▶ Task description:
With any pictures left out, restate word for word the lines in the listing below from the one holding "Les moutons paissent" through the last.

▶ Information provided:
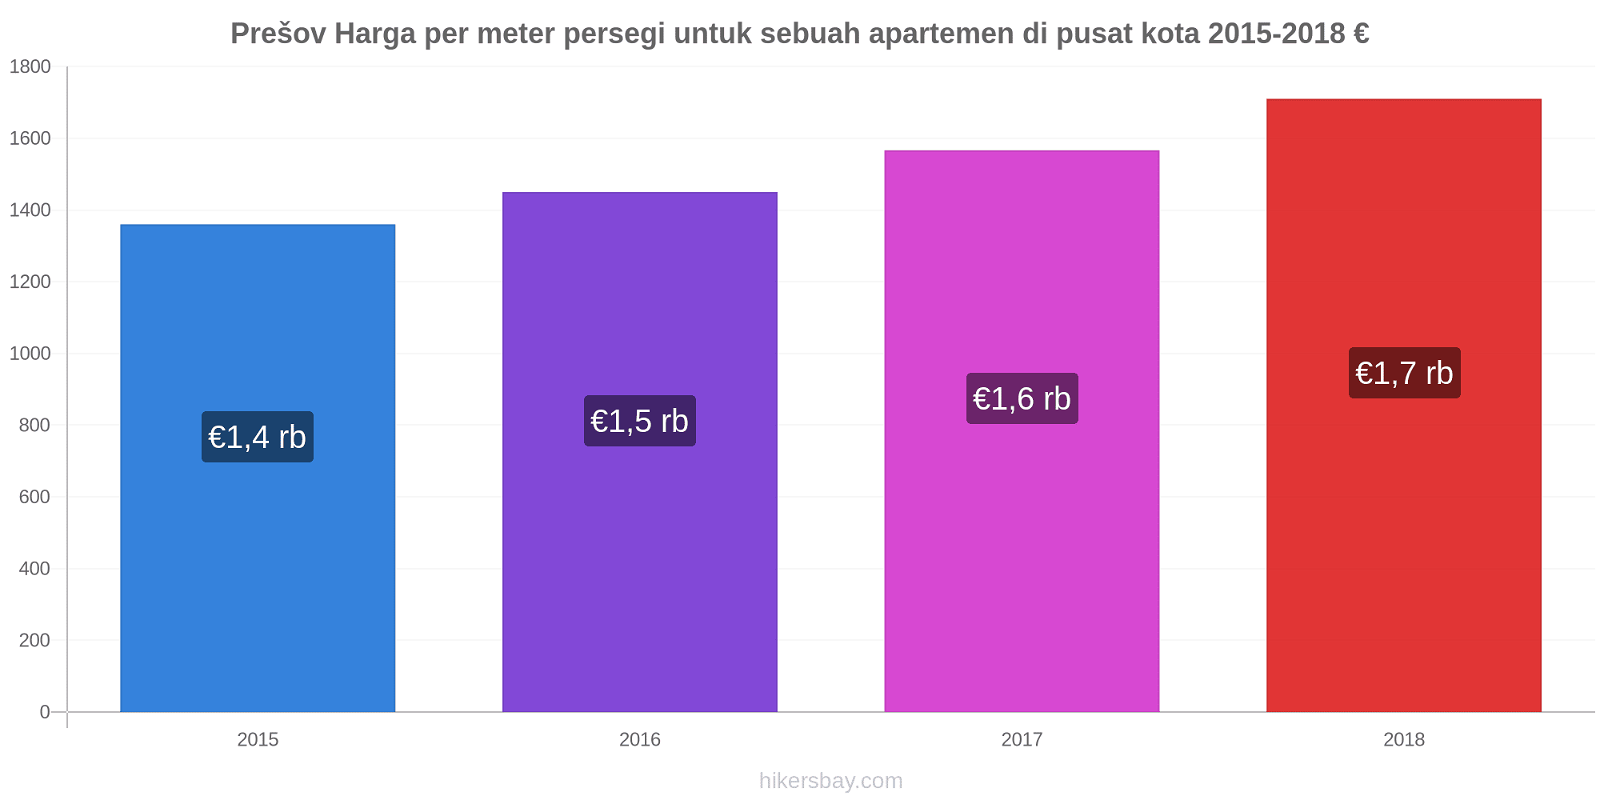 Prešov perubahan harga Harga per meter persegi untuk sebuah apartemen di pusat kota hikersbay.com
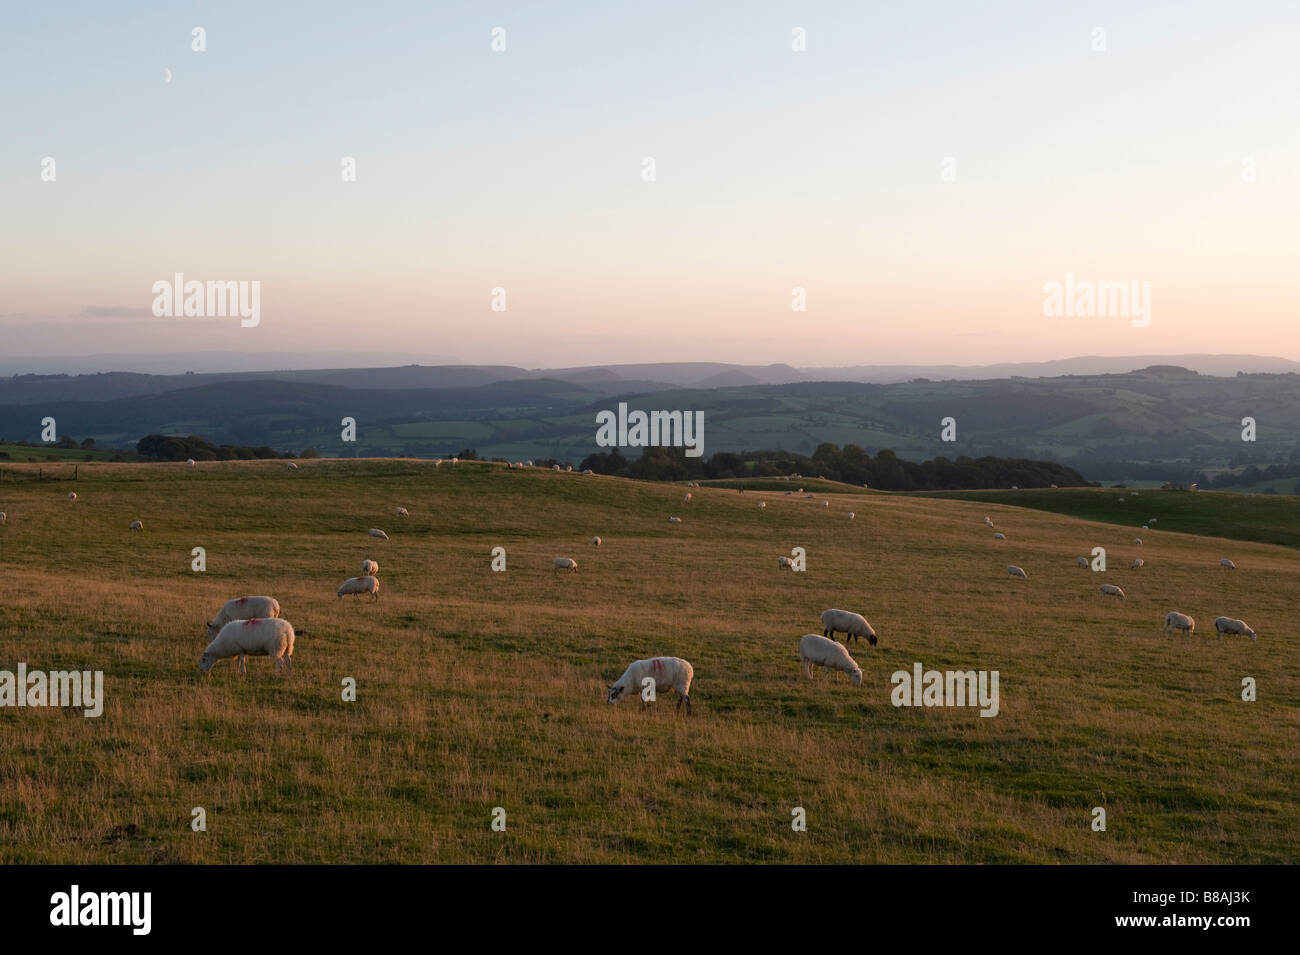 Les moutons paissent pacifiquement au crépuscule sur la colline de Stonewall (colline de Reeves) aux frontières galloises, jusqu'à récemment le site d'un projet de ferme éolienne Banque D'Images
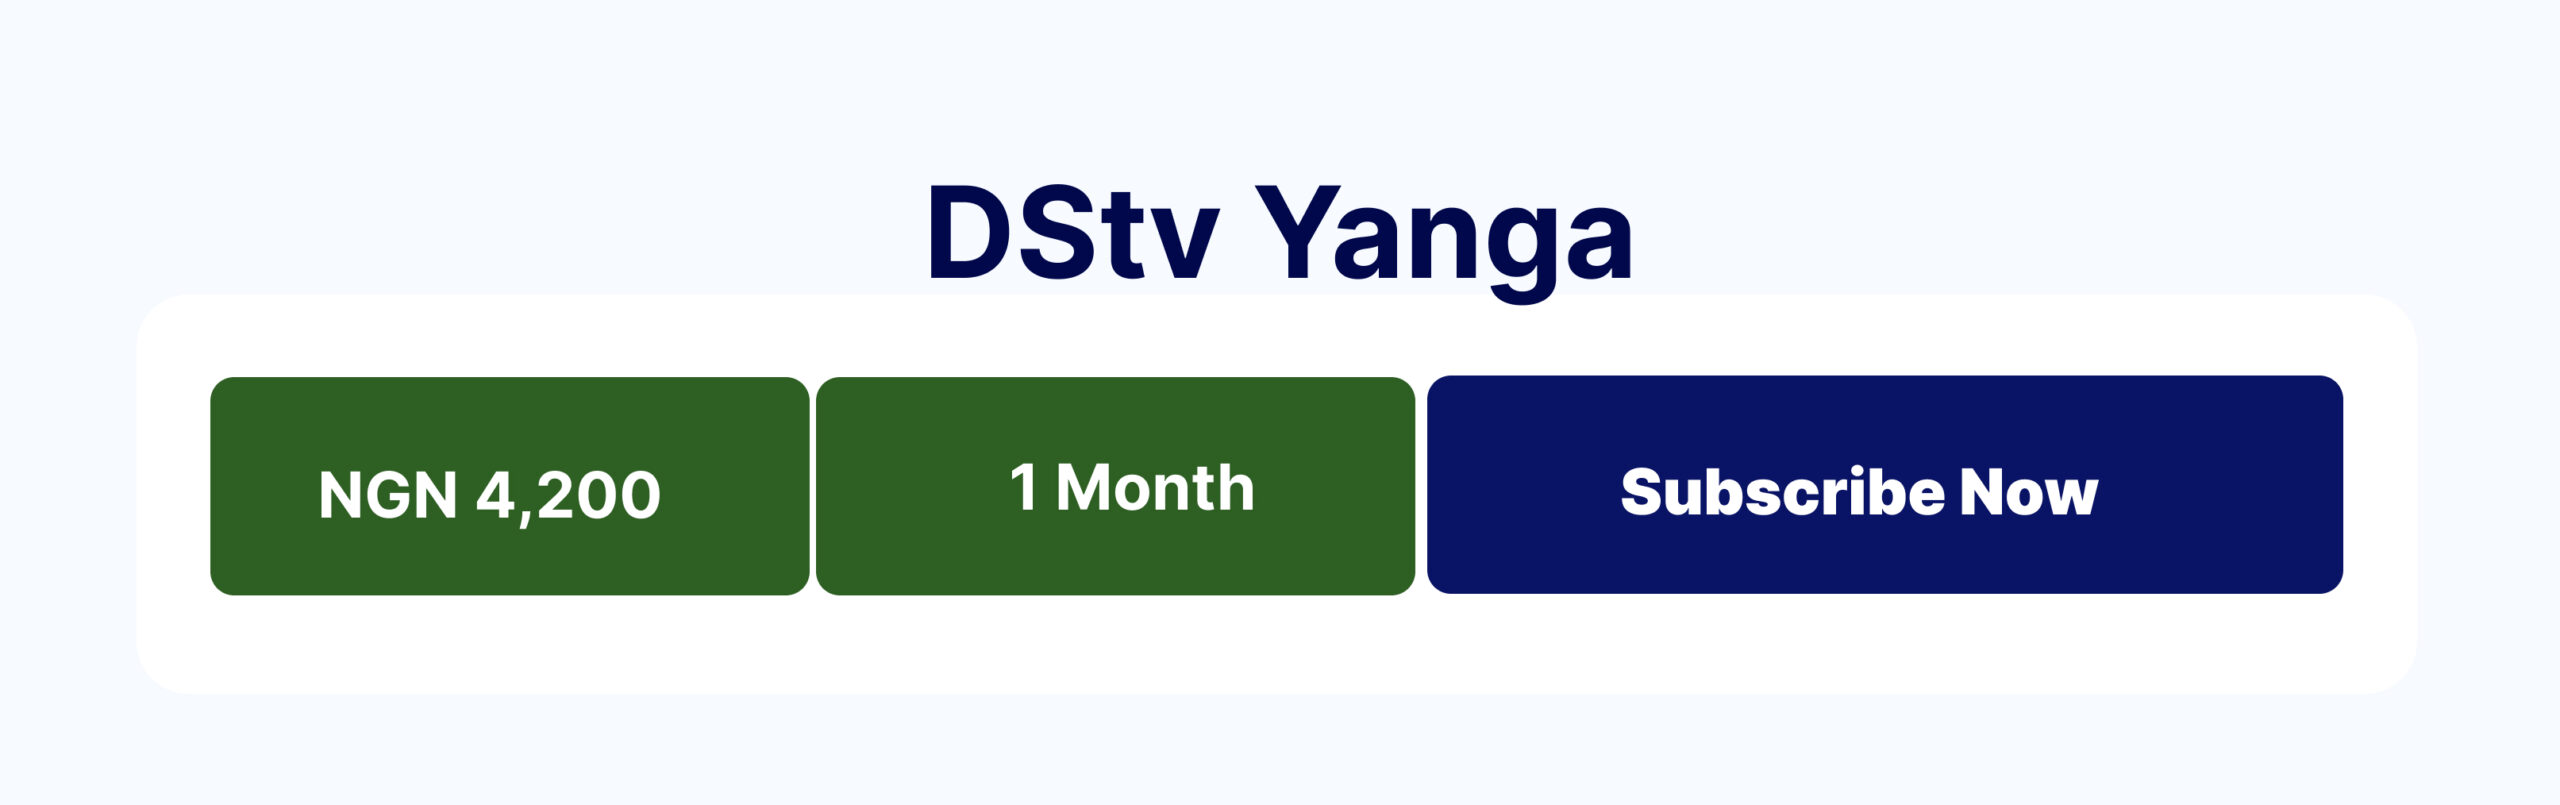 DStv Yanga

▶ Solution for this exercise:
 Les moutons paissent pacifiquement au crépuscule sur la colline de Stonewall (colline de Reeves) aux frontières galloises, jusqu'à récemment le site d'un projet de ferme éolienne Banque D'Images
 DStv Yanga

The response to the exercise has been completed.